8.05/3.57	YES
9.73/4.02	proof of /export/starexec/sandbox/benchmark/theBenchmark.hs
9.73/4.02	# AProVE Commit ID: 48fb2092695e11cc9f56e44b17a92a5f88ffb256 marcel 20180622 unpublished dirty
9.73/4.02	
9.73/4.02	
9.73/4.02	H-Termination with start terms of the given HASKELL could be proven:
9.73/4.02	
9.73/4.02	(0) HASKELL
9.73/4.02	(1) BR [EQUIVALENT, 0 ms]
9.73/4.02	(2) HASKELL
9.73/4.02	(3) COR [EQUIVALENT, 0 ms]
9.73/4.02	(4) HASKELL
9.73/4.02	(5) Narrow [SOUND, 0 ms]
9.73/4.02	(6) AND
9.73/4.02	    (7) QDP
9.73/4.02	        (8) QDPSizeChangeProof [EQUIVALENT, 0 ms]
9.73/4.02	        (9) YES
9.73/4.02	    (10) QDP
9.73/4.02	        (11) QDPSizeChangeProof [EQUIVALENT, 0 ms]

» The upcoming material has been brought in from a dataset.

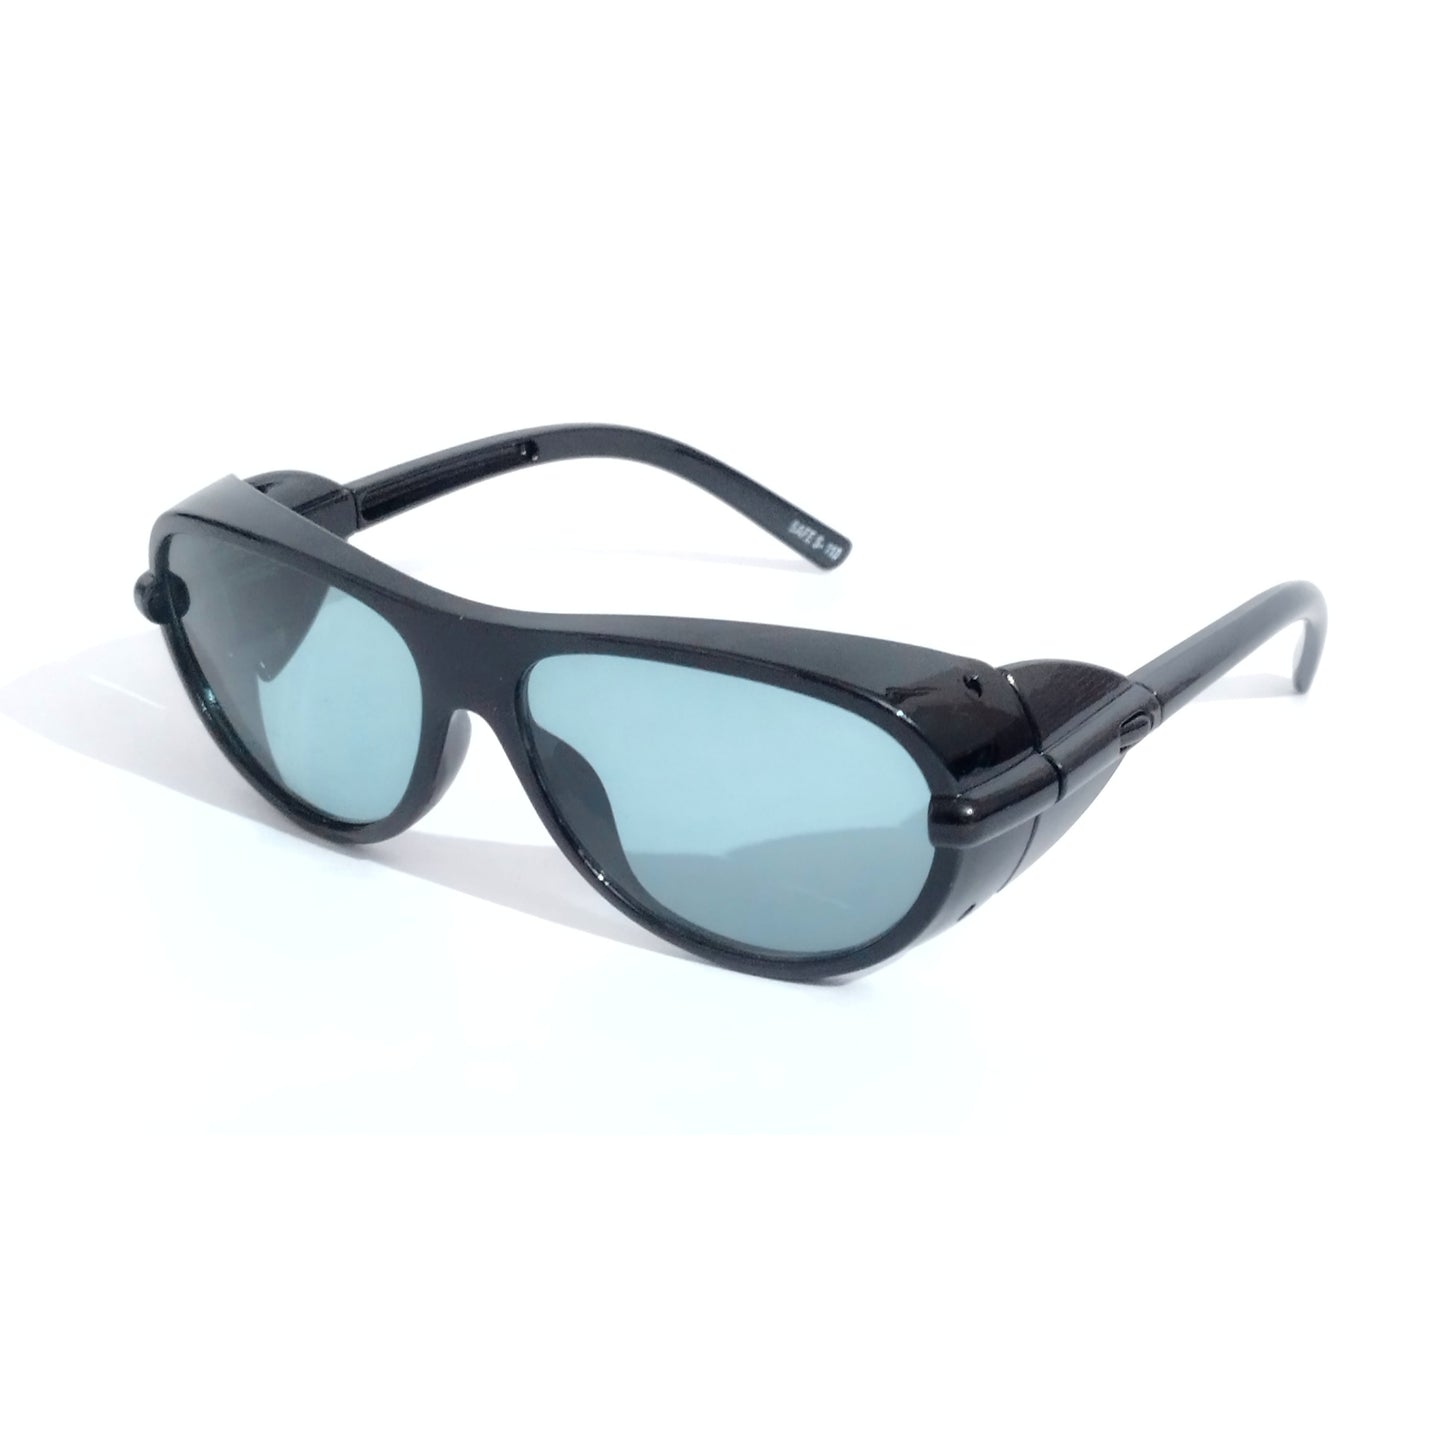 Blue Lens Sports Driving Sunglasses with Side Shield

9.73/4.02	        (12) YES
9.73/4.02	
9.73/4.02	
9.73/4.02	----------------------------------------
9.73/4.02	
9.73/4.02	(0)
9.73/4.02	Obligation:
9.73/4.02	mainModule Main 
9.73/4.02	module Main where {
9.73/4.02	import qualified Prelude;
9.73/4.02	}
9.73/4.02	
9.73/4.02	----------------------------------------
9.73/4.02	
9.73/4.02	(1) BR (EQUIVALENT)
9.73/4.02	Replaced joker patterns by fresh variables and removed binding patterns.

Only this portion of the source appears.